Das natürliche Alkaloid Koffein, die stimulierende Substanz aus Kaffee, Tee, Mate oder Energydrinks, findet immer häufiger Anwendung in sog. chemisch induzierten Proximity (CIP)-Systemen. Die molekularbiologischen Werkzeuge nutzen kleine Moleküle wie Koffein, um zwei Proteine oder Biomoleküle gezielt in räumliche Nähe zueinander zu bringen und so eine präzise, zeitlich und räumlich kontrollierte Steuerung der Proteinaktivität und zellulärer Prozesse zu ermöglichen.
Das CIP-System COSMO (caffein-operated synthetic module) nutzt Koffein, um die Homodimerisierung zwischen zwei koffeinbetriebenen synthetischen Modulen auszulösen. Bei der CAR-T-Zell-Therapie kommen bereits CIP-Systeme mit „Koffein-Sicherheitsschalter“ zum Einsatz. Die Aktivität der modifizierten T-Zellen kann damit über die Gabe eines Medikaments präzise reguliert werden, um Überreaktionen (Zytokinsturm) zu vermeiden.

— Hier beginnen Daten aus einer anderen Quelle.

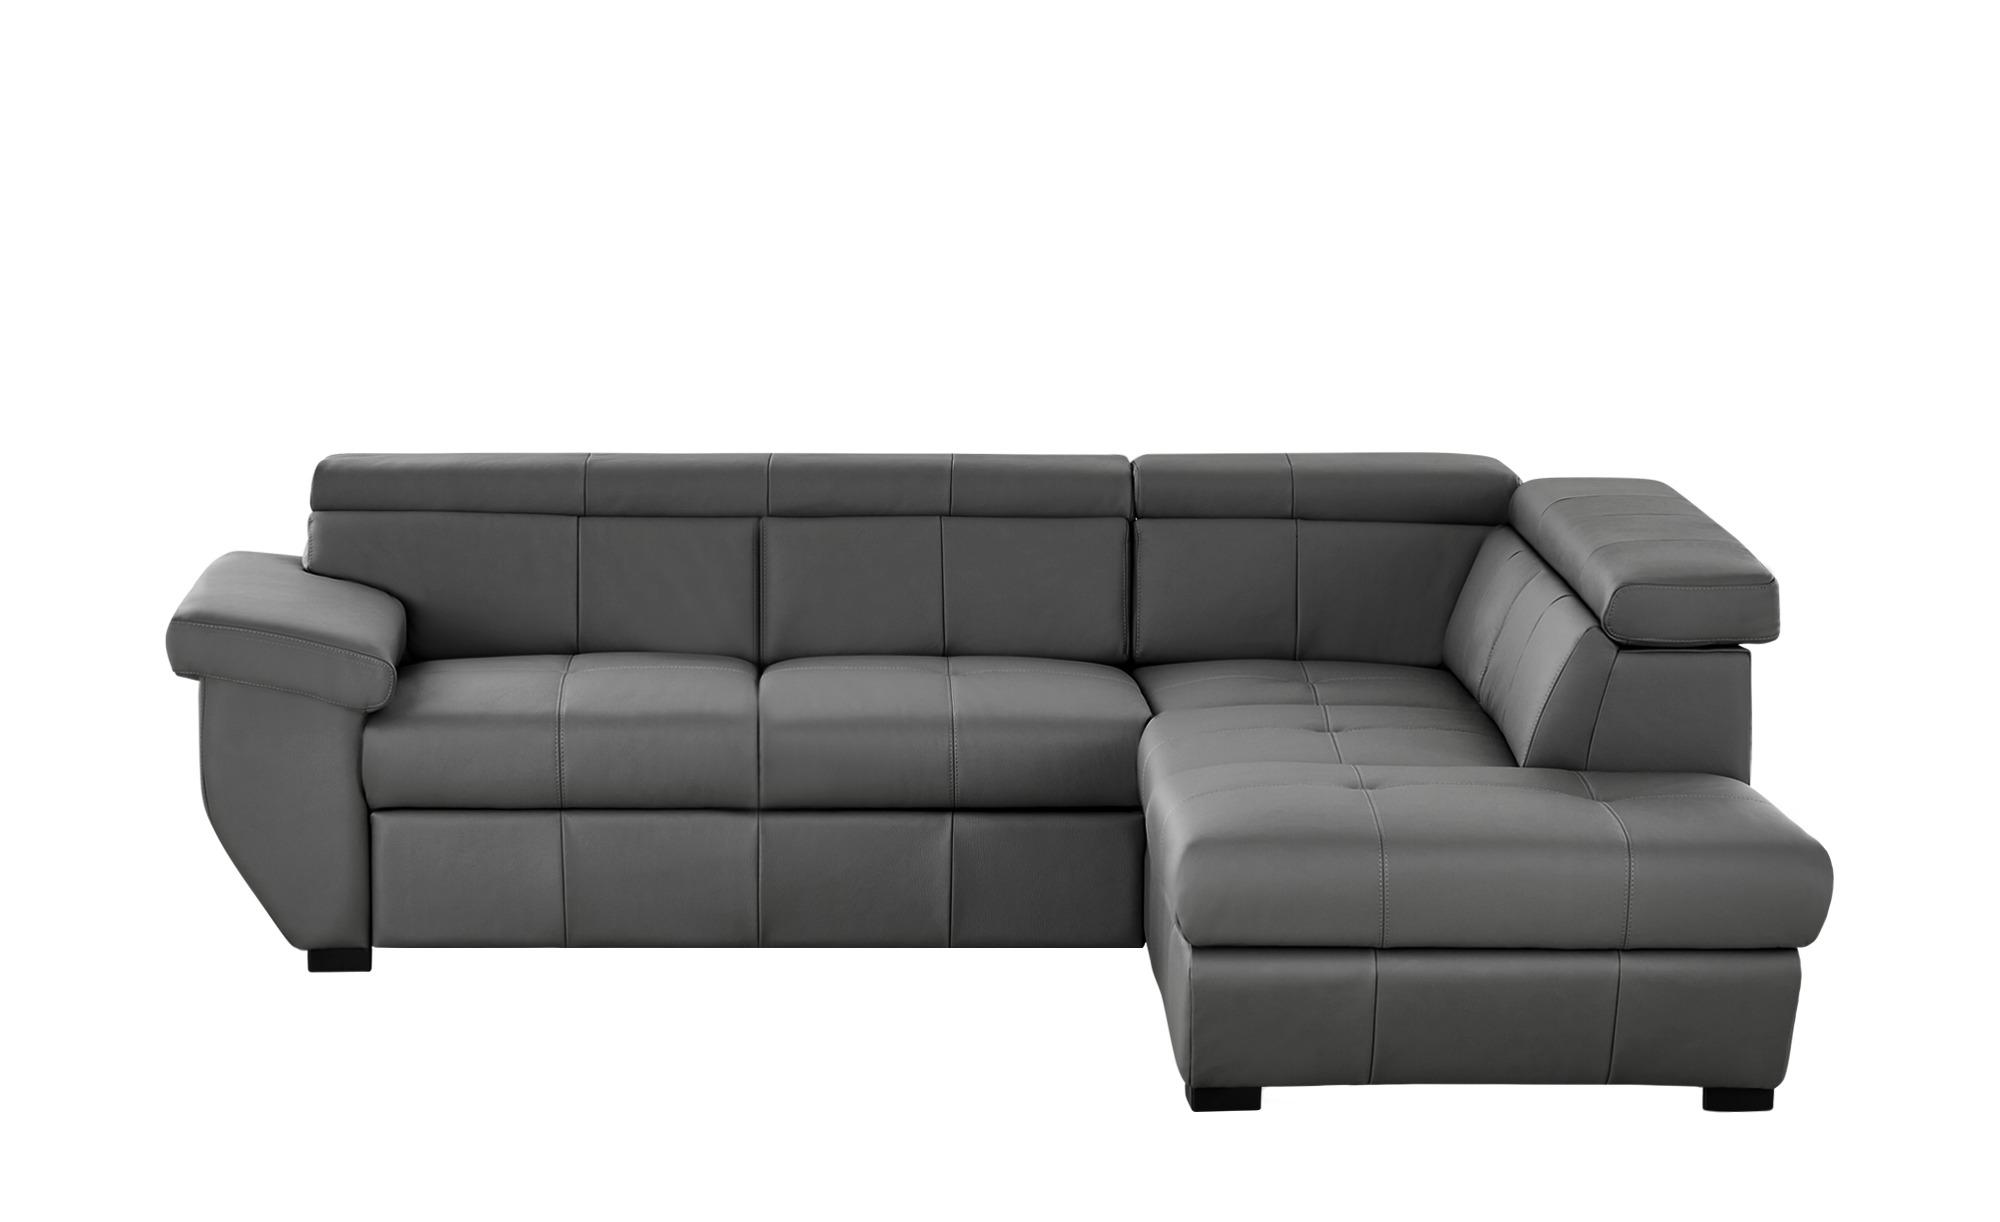 Full Size of Uno Ecksofa Grau Leder Formula Moderne Couch Hussen Sofa Antik Graues Big Mit Schlaffunktion Bettfunktion Xora Rund Rolf Benz Hocker Echtleder Xxl Günstig Sofa Sofa Grau Leder

US-Forscher haben nun mithilfe genetisch codierter Nanokörper COSMO ein koffeininduzierbares Heterodimerisierungssystem (CHASER) umprogrammiert. Mit der Kombination von CHASER mit CRISPR wollen sie die Präzisionsmedizin auf ein neues Level heben: Anstatt die Genschere dauerhaft aktiv zu lassen, dient Koffein als sicherer und reversibler „Ein-/Ausschalter“ für genetische Korrekturen oder Aktivierung von Immunzellen.